■ **Supplied information**:
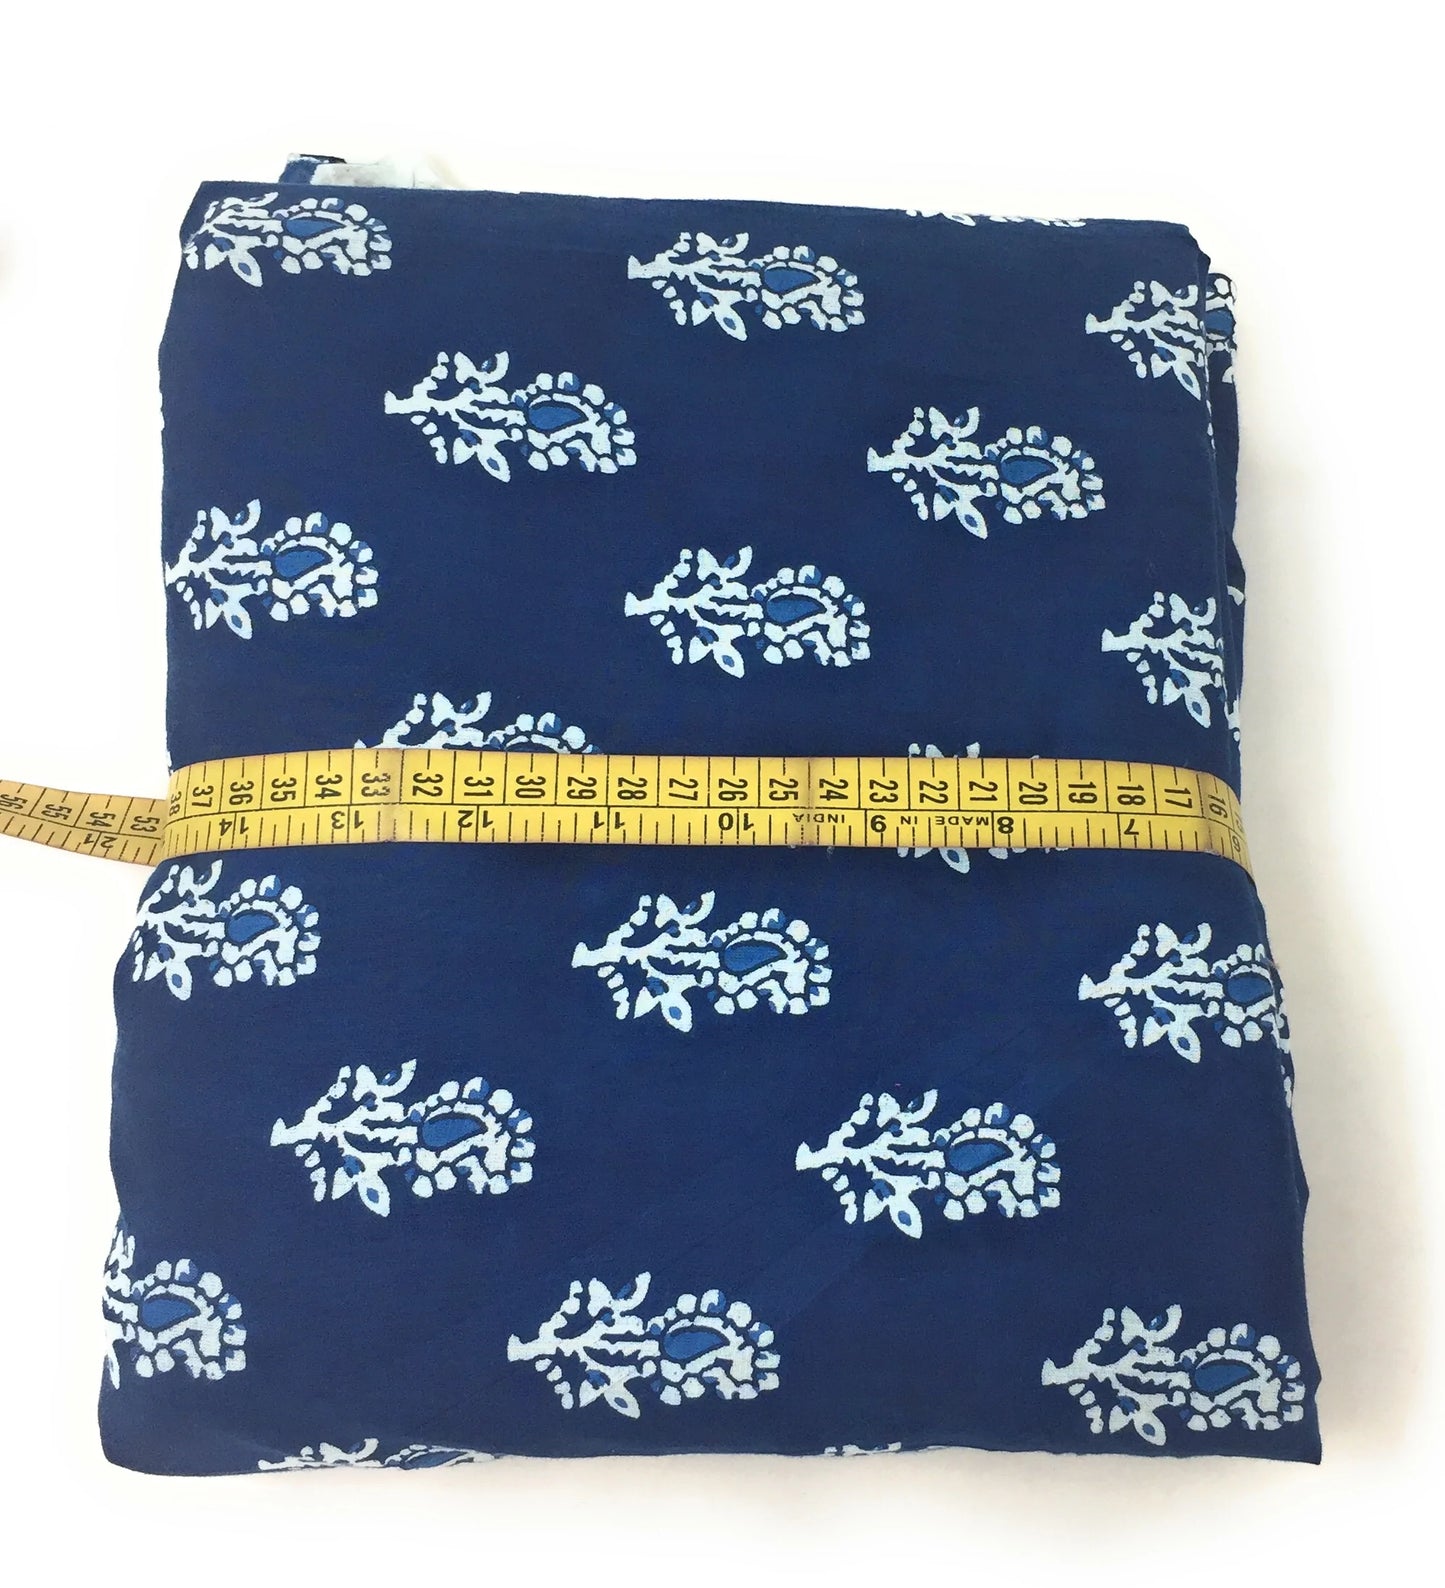 cotton printed material
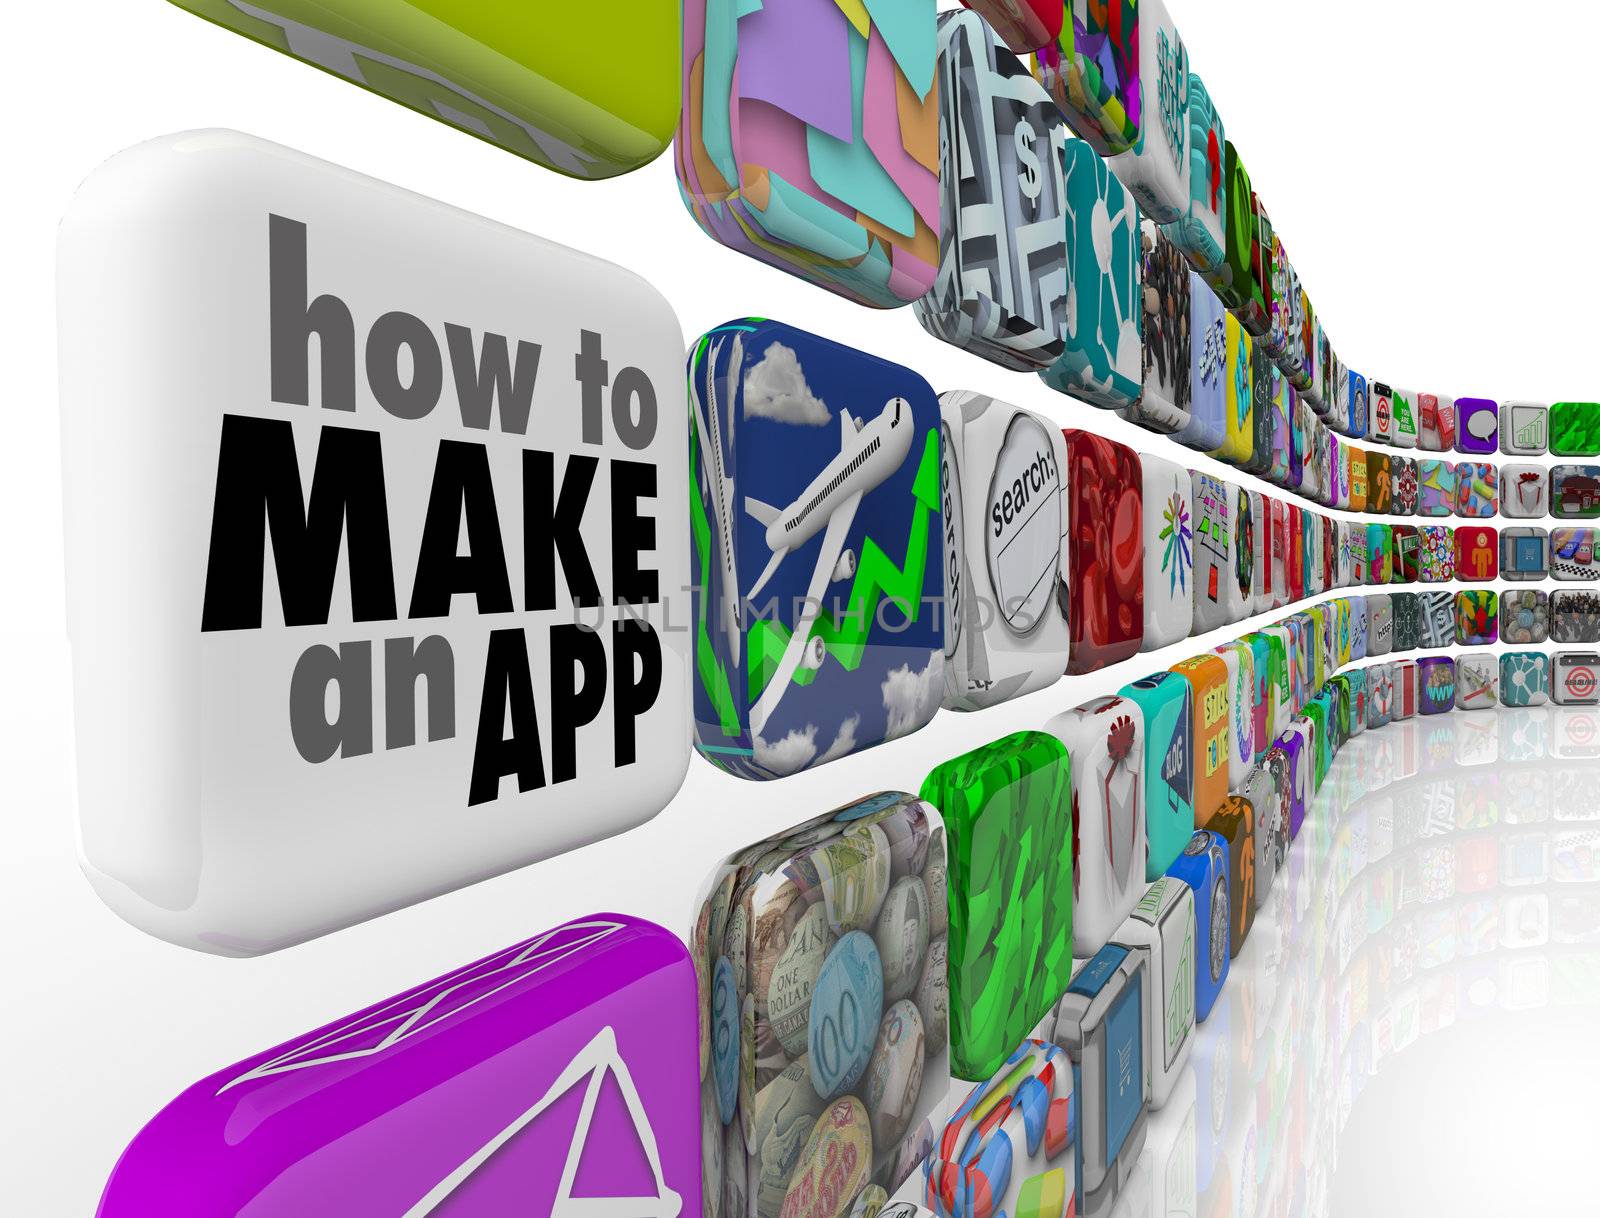 How to Make an App message on a white application tile in a wall of downloadable software icons, promising advice and instructions on programming or developing apps for phones and mobile devices
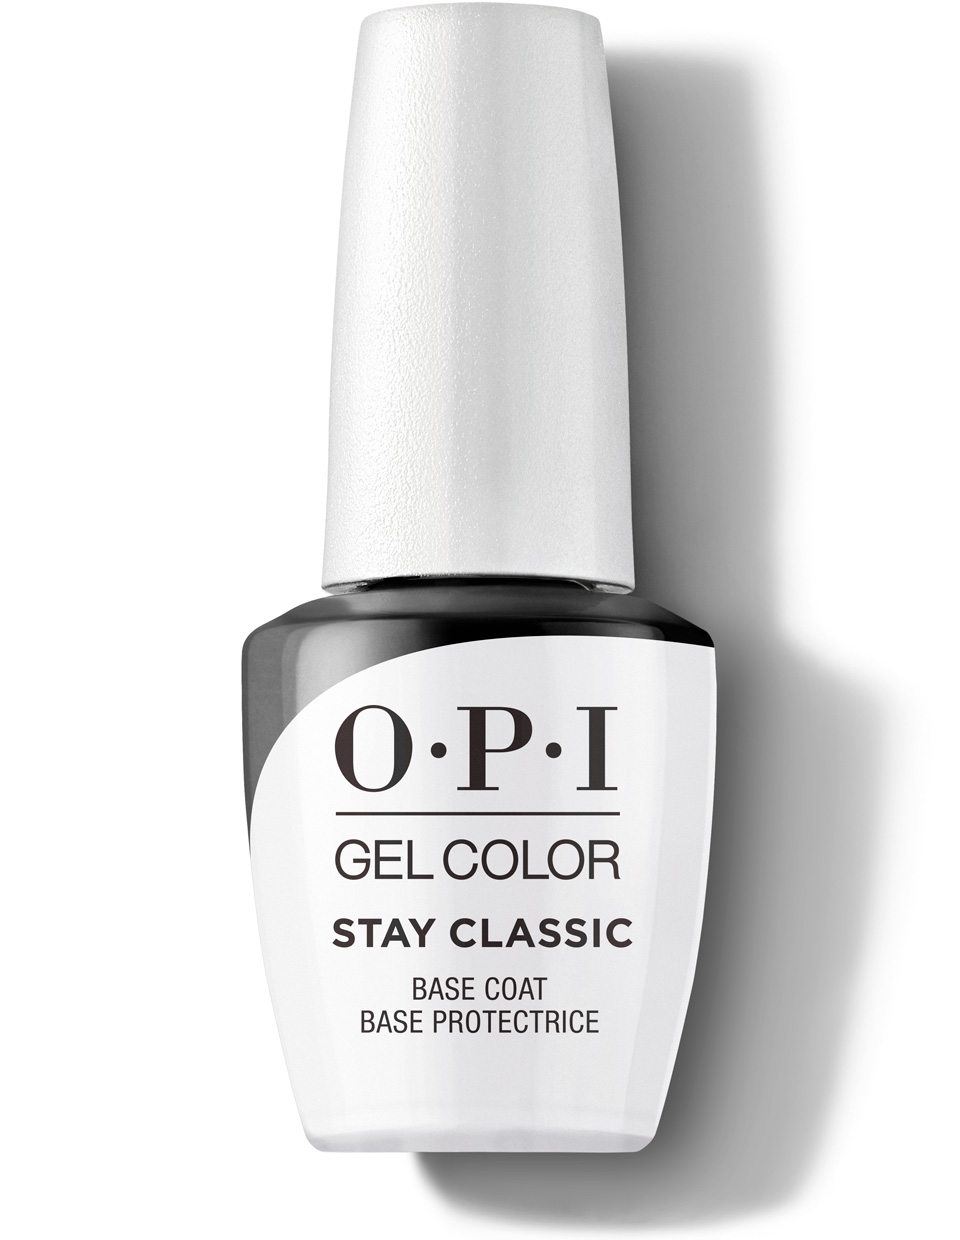 Gel-polish troubleshooting: chipping, shrinkage and more

■ **Work required**: Nothing but the pictures should be left out when the listing above is transcribed.

■ **Solution to the exercise**:
 cotton printed material
 How to Make an App message on a white application tile in a wall of downloadable software icons, promising advice and instructions on programming or developing apps for phones and mobile devices
 Gel-polish troubleshooting: chipping, shrinkage and more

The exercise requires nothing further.